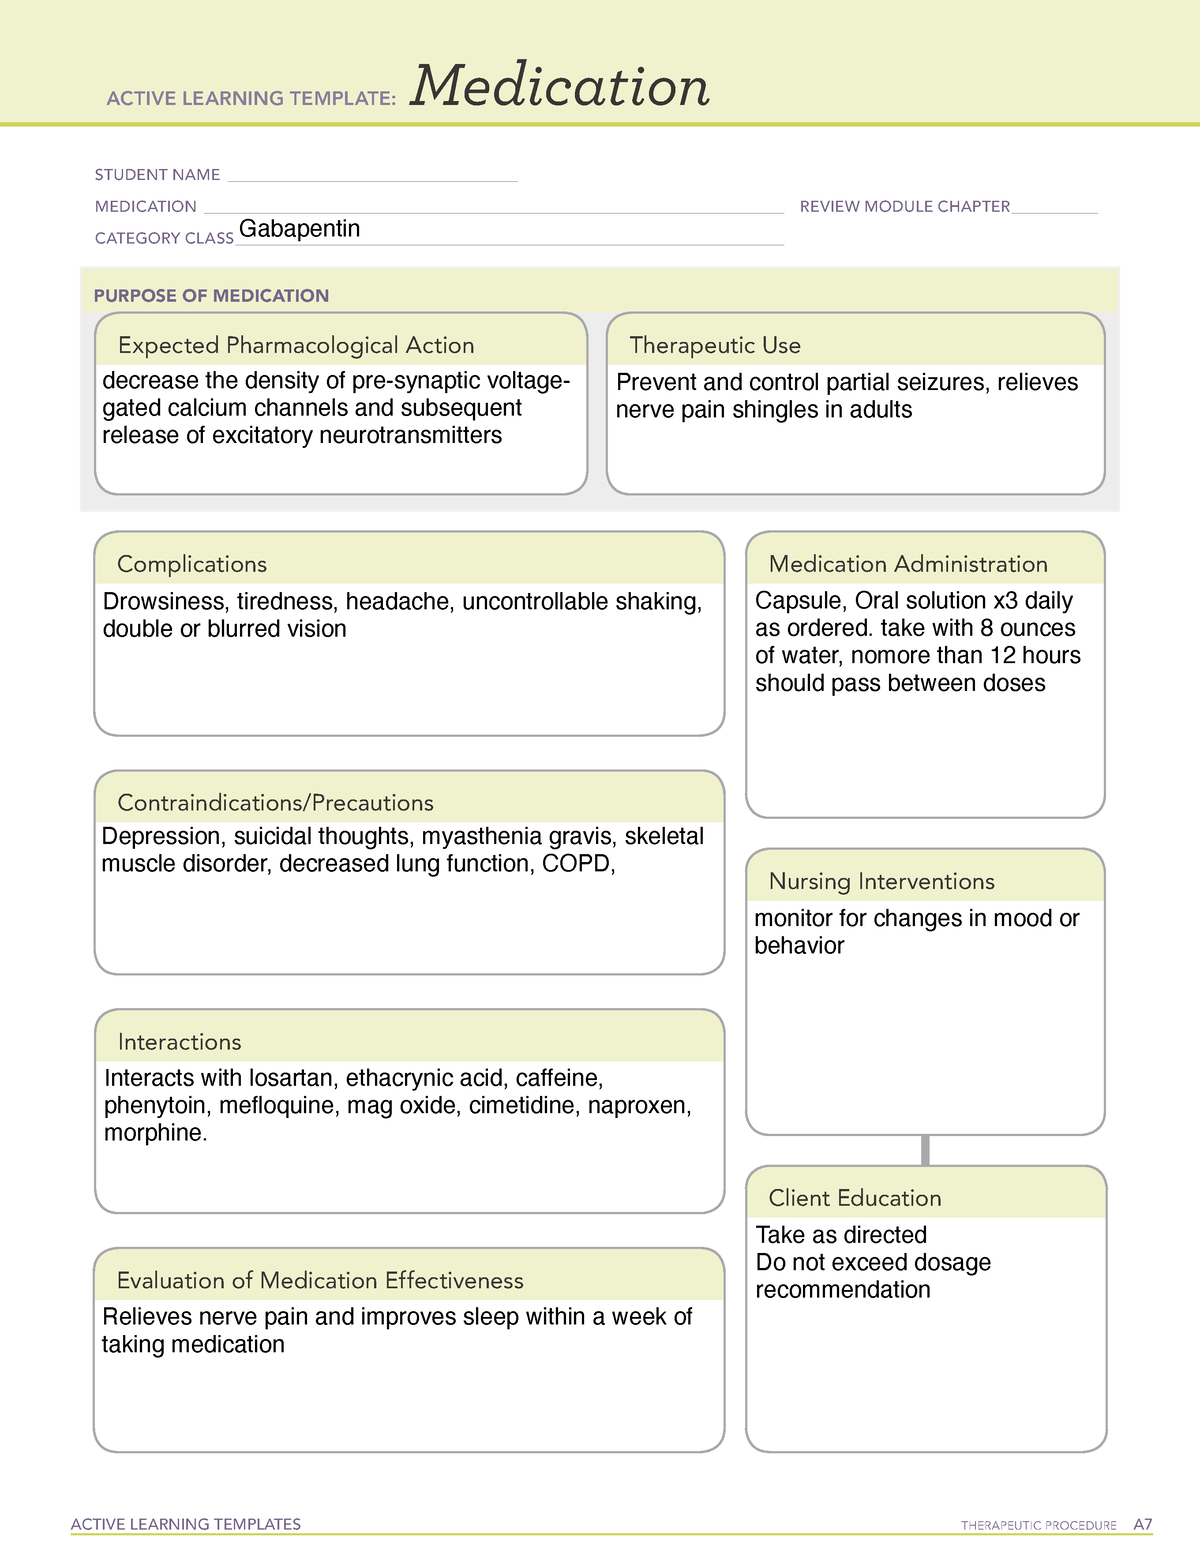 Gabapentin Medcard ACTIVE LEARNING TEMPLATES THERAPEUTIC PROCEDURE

...

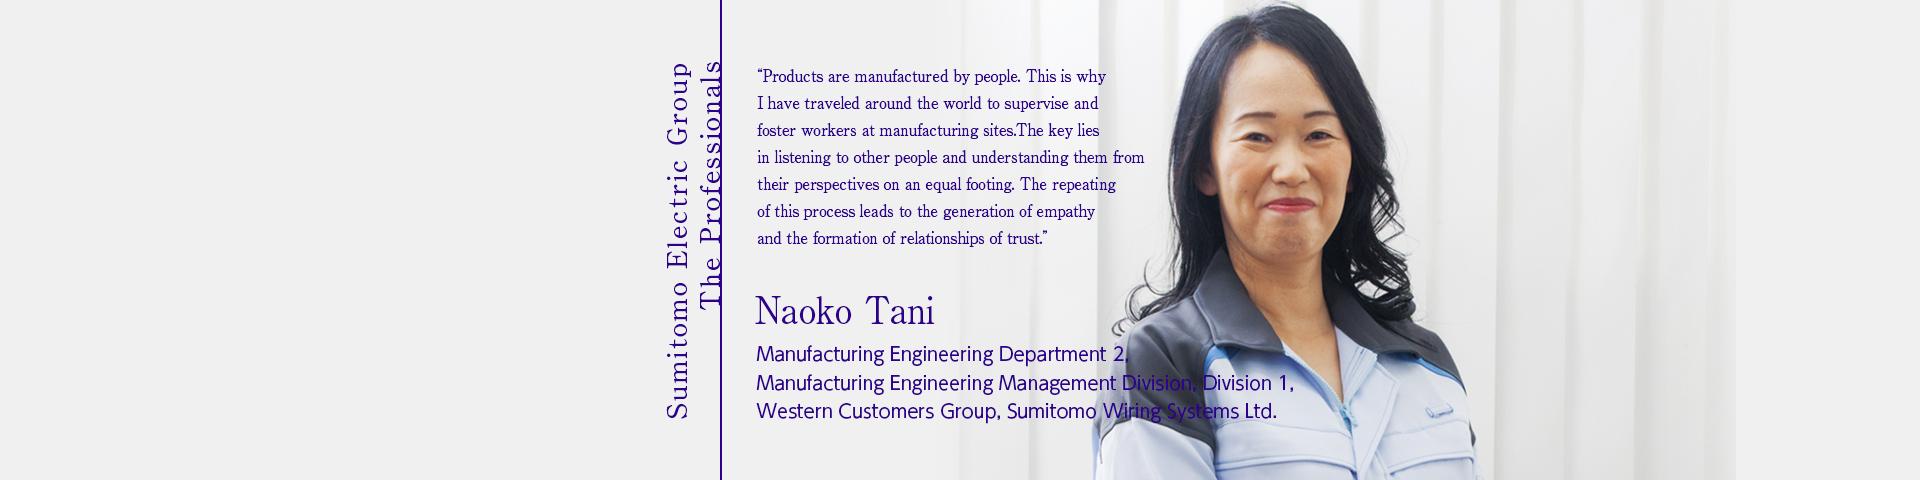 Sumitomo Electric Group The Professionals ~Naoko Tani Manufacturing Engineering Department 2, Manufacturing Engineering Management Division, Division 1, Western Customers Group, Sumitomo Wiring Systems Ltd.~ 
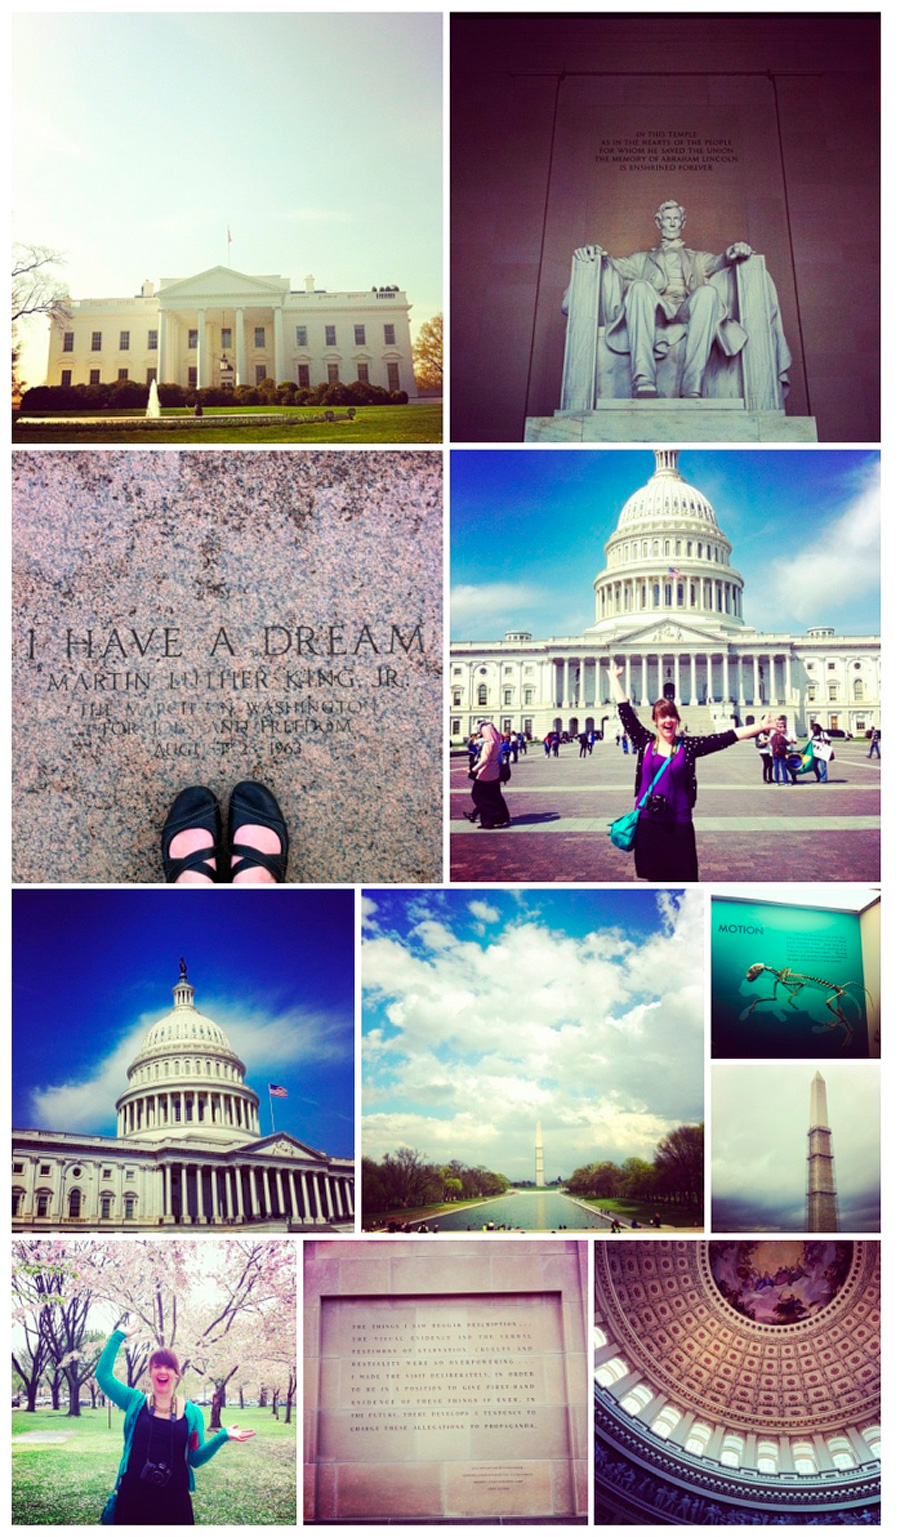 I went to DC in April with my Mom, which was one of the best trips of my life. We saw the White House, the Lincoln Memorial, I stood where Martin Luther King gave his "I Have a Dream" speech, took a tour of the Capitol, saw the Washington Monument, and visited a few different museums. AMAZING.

---

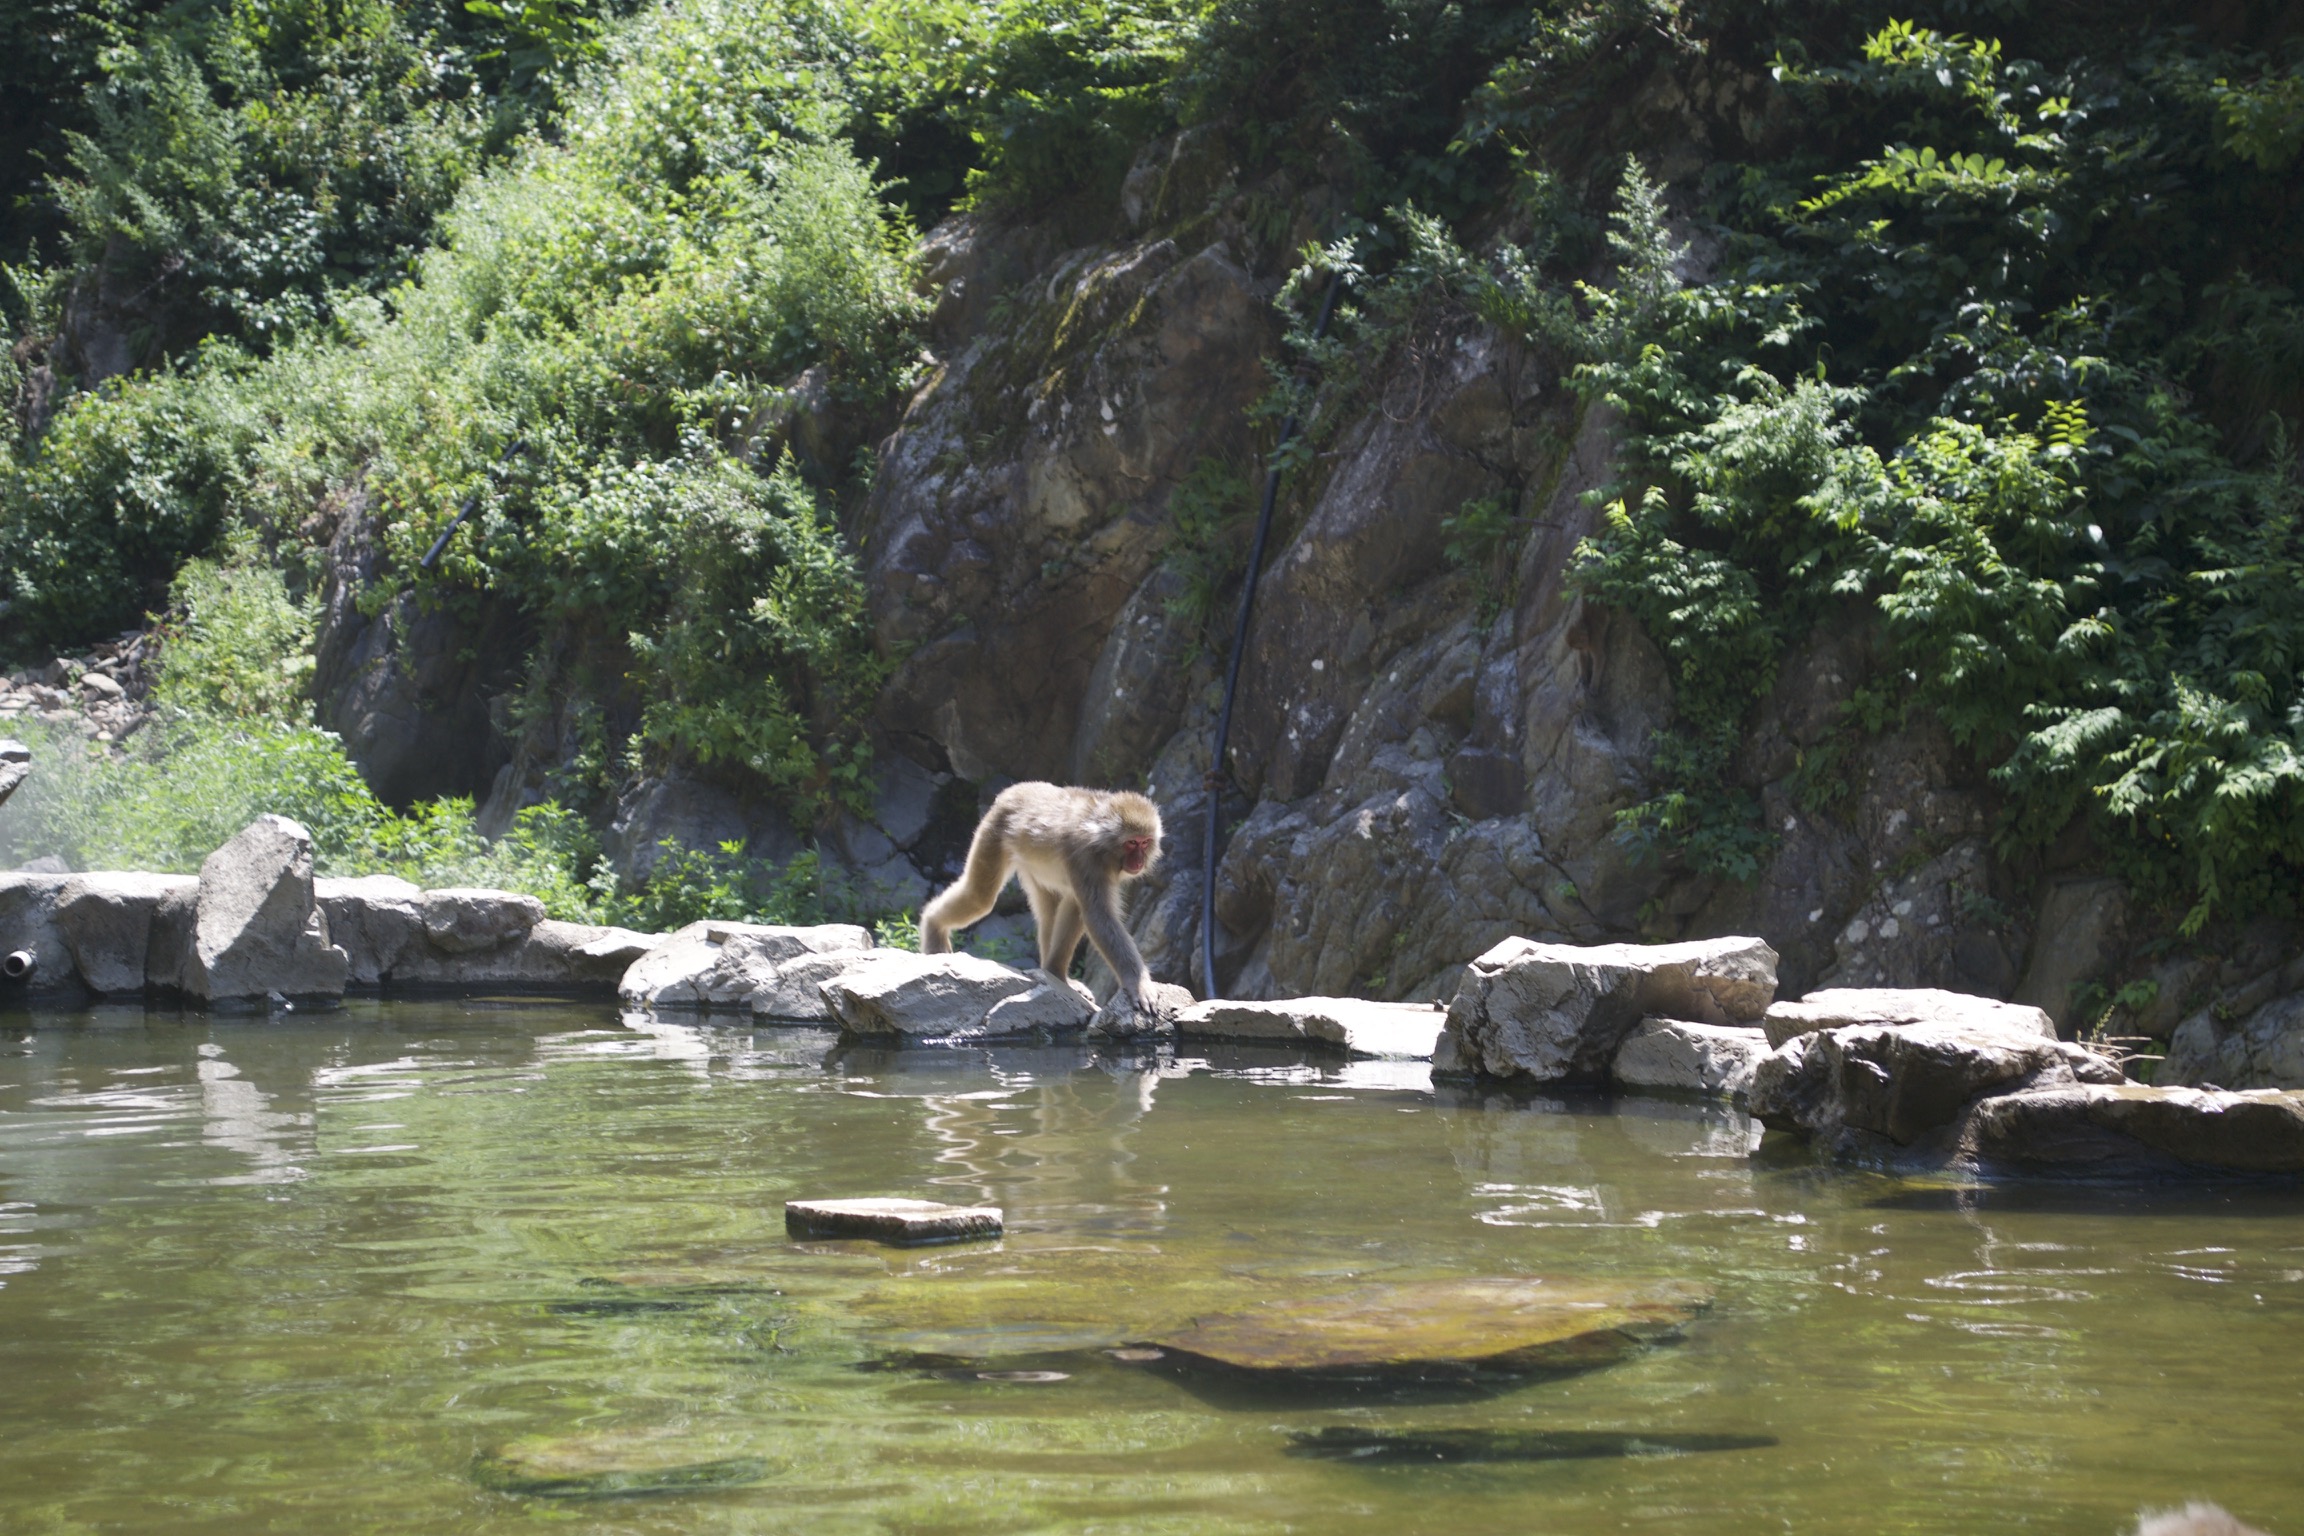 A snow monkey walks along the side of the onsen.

### Required action
Using the records above, return word for word the lines that begin at the one containing "Sumitomo Electric Group" and end at the one containing "I went to DC", both of them included and no pictures.

### Solution to this problem
 Sumitomo Electric Group The Professionals ~Naoko Tani Manufacturing Engineering Department 2, Manufacturing Engineering Management Division, Division 1, Western Customers Group, Sumitomo Wiring Systems Ltd.~ 
 I went to DC in April with my Mom, which was one of the best trips of my life. We saw the White House, the Lincoln Memorial, I stood where Martin Luther King gave his "I Have a Dream" speech, took a tour of the Capitol, saw the Washington Monument, and visited a few different museums. AMAZING.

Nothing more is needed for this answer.